PubMed 12111250
Referenced in: none
Automatically associated channels: ClC4 , ClCK1 , Kir1.1
Title: Barttin increases surface expression and changes current properties of ClC-K channels.
Authors: Siegfried Waldegger, Nikola Jeck, Petra Barth, Melanie Peters, Helga Vitzthum, Konrad Wolf, Armin Kurtz, Martin Konrad, Hannsjörg W Seyberth
Journal, date & volume: Pflugers Arch., 2002 Jun , 444, 411-8
PubMed link: http://www.ncbi.nlm.nih.gov/pubmed/12111250
Abstract
The term Bartter syndrome encompasses a heterogeneous group of autosomal recessive salt-losing nephropathies that are caused by disturbed transepithelial sodium chloride reabsorption in the distal nephron. Mutations have been identified in the NKCC2 (Na(+)-K(+)-2Cl(-)) cotransporter and ROMK potassium channel, which cooperate in the process of apical sodium chloride uptake, and ClC-Kb chloride channels, which mediate basolateral chloride release. Recently, mutations in barttin, a protein not related to any known ion transporter or channel, were described in BSND, a variant of Bartter syndrome associated with sensorineural deafness. Here we show that barttin functions as an activator of ClC-K chloride channels.

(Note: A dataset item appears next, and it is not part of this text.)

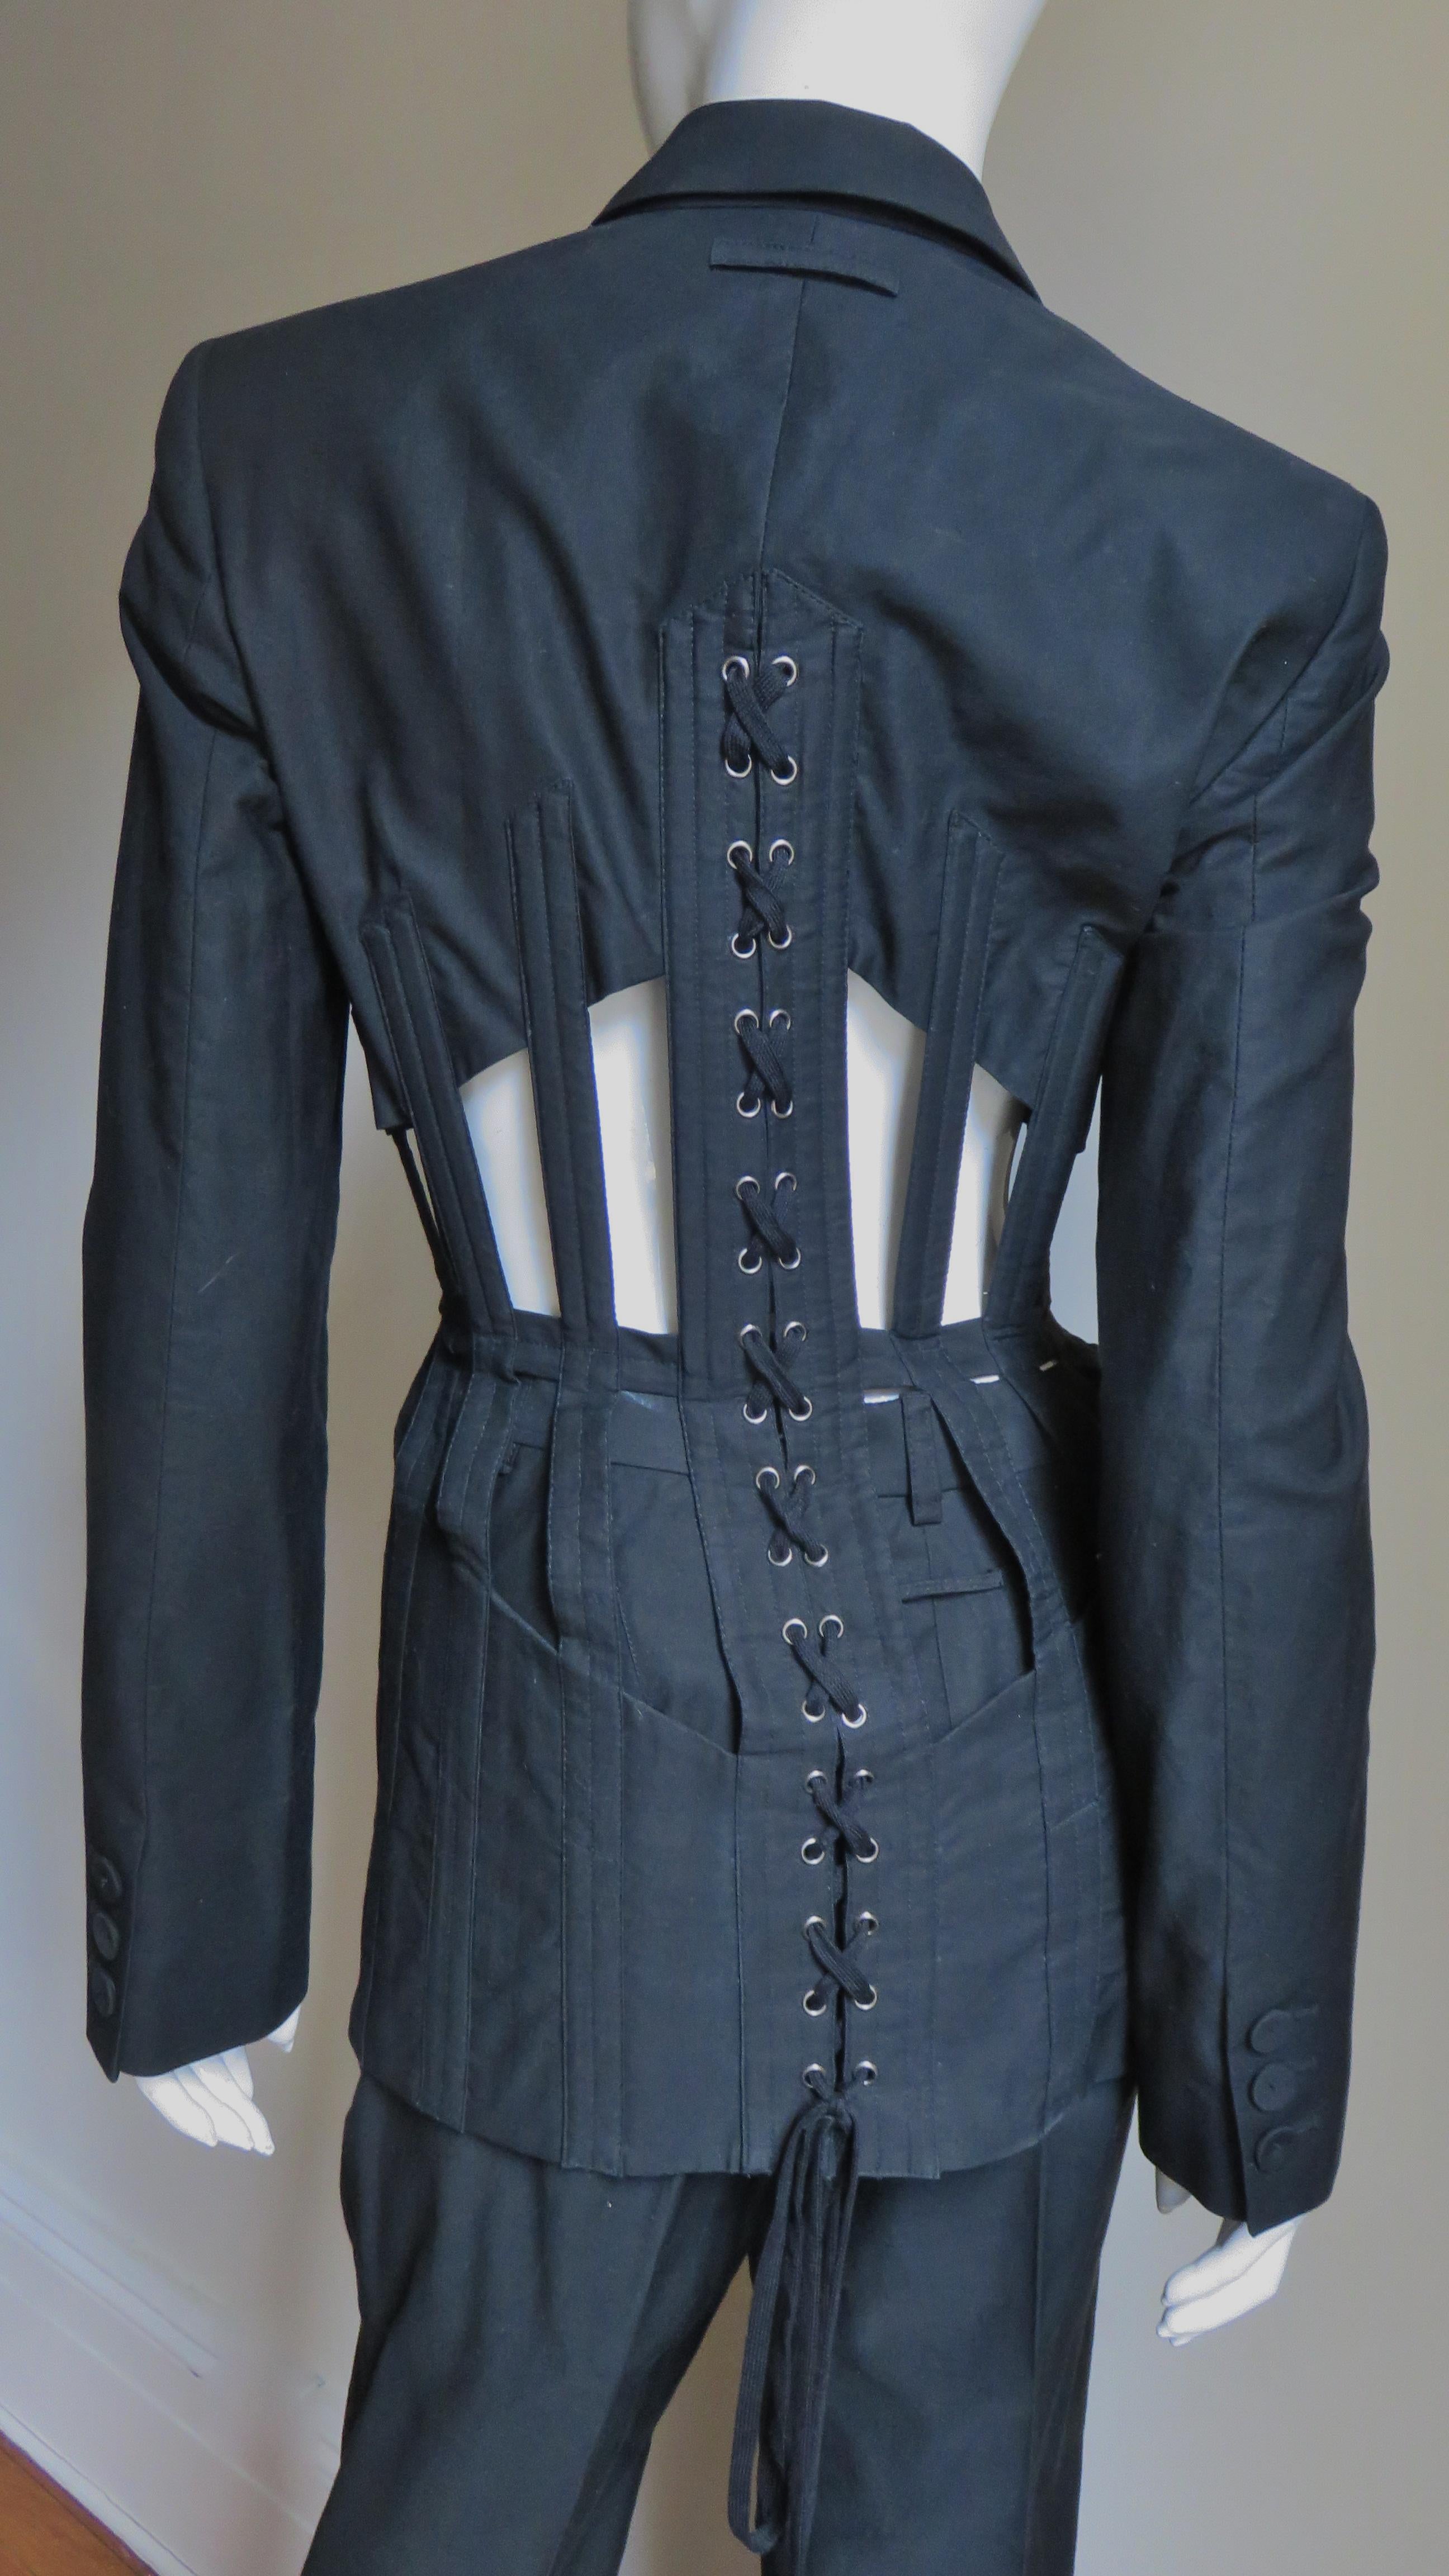 Jean Paul Gaultier Iconic Cage Corset lace up Jacket Pant Suit S/S 1989 For Sale 8

Expression of barttin together with ClC-K in Xenopus oocytes increased ClC-K current amplitude, changed ClC-K biophysical properties, and enhanced ClC-K abundance in the cell membrane. Co-immunoprecipitation revealed a direct interaction of barttin with ClC-K. We performed in situ hybridization on rat kidney slices and RT-PCR analysis on microdissected nephron segments to prove co-expression of barttin, ClC-K1 and ClC-K2 along the distal nephron. Functional analysis of BSND-associated point mutations revealed impaired ClC-K activation by barttin. The results demonstrate regulation of a CLC chloride channel by an accessory protein and indicate that ClC-K activation by barttin is required for adequate tubular salt reabsorption.